A Common Representation
SAMM provides a way to bring these individual observations together into a common representation, making it easier to share perspectives, identify differences in perception, and develop a collective understanding of what is happening within the system.
The objective is not to classify or evaluate individuals, but to communicate how a specific situation is experienced and reflected through the people involved.
Each representation is simply a snapshot of a person within a particular situation at a particular moment. It provides a shared starting point for understanding the present, while recognizing that both people and situations continuously evolve.

The notation is intentionally minimal. Each visual element represents a situational indicator and, when interpreted together, they provide a compact representation that can be understood consistently across teams.
The notation itself is not the model; it is simply a shared language for making observations visible and easier to communicate. Its value does not come from the symbols themselves, but from the interpretation and conversations they enable.
Observing at Human Scale
Representation also has practical limits. As organizations grow, complexity increases much faster than our ability to understand it, which is one of the reasons many modern organizational approaches encourage small, autonomous teams.

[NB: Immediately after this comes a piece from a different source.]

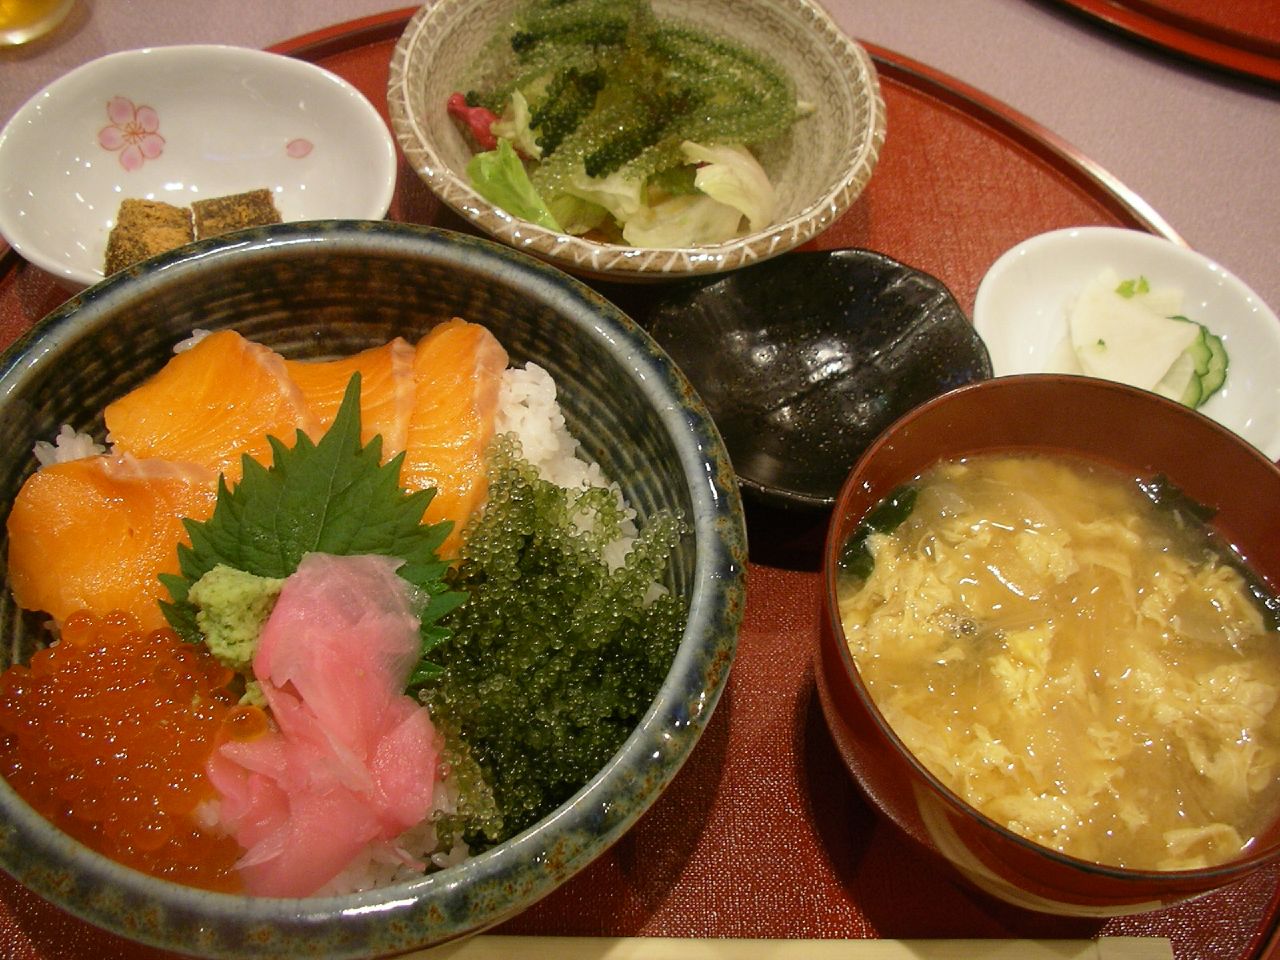 various bowls of food are set out on the table

Frameworks and concepts such as Amazon’s Two-Pizza Teams, or Dunbar’s Number approach this challenge from different perspectives, but they share an important principle: keeping human systems at a scale where relationships and interactions remain observable.
SAMM follows the same philosophy. Smaller teams do not eliminate complexity, because complexity is > an inherent property of human systems. They simply help keep that complexity within human observational limits.
This principle also explains how SAMM scales. Rather than attempting to observe an increasing number of people simultaneously, SAMM changes the scale of observation: from the individual to the team, from the team to the department, and eventually to the organization.
The fundamental object of observation remains the human system; what changes is the scale from which we observe it.
Learning from Representation
A representation is never the final objective. It is a starting point for learning and for understanding how the system evolves over time.
Situations generate observations, and those observations create representations from which we can form hypotheses and make better-informed decisions. Those decisions may change the system, creating new situations that need to be observed and interpreted again.
Over time, this continuous cycle allows patterns to emerge. These are not personality patterns, but situational patterns that can help us understand how the human system tends to respond under different conditions.
SAMM therefore does not attempt to explain who people are. It seeks to understand how situations evolve through the people experiencing them, using that understanding to continuously improve decision-making.
The Contribution of SAMM
SAMM is not intended to be another personality framework, leadership model, or organizational methodology. Its contribution is to provide a common way of representing people within specific situations, integrating established knowledge from multiple disciplines into a shared language for situational interpretation.
Understanding a complex human system is not simply about collecting more information. It is about building a useful representation that allows different observers to make their perspectives visible, discuss the same situation through a common language, and make better-informed decisions together.
In SAMM, that representation never describes the person in isolation.
It always represents a person within a situation.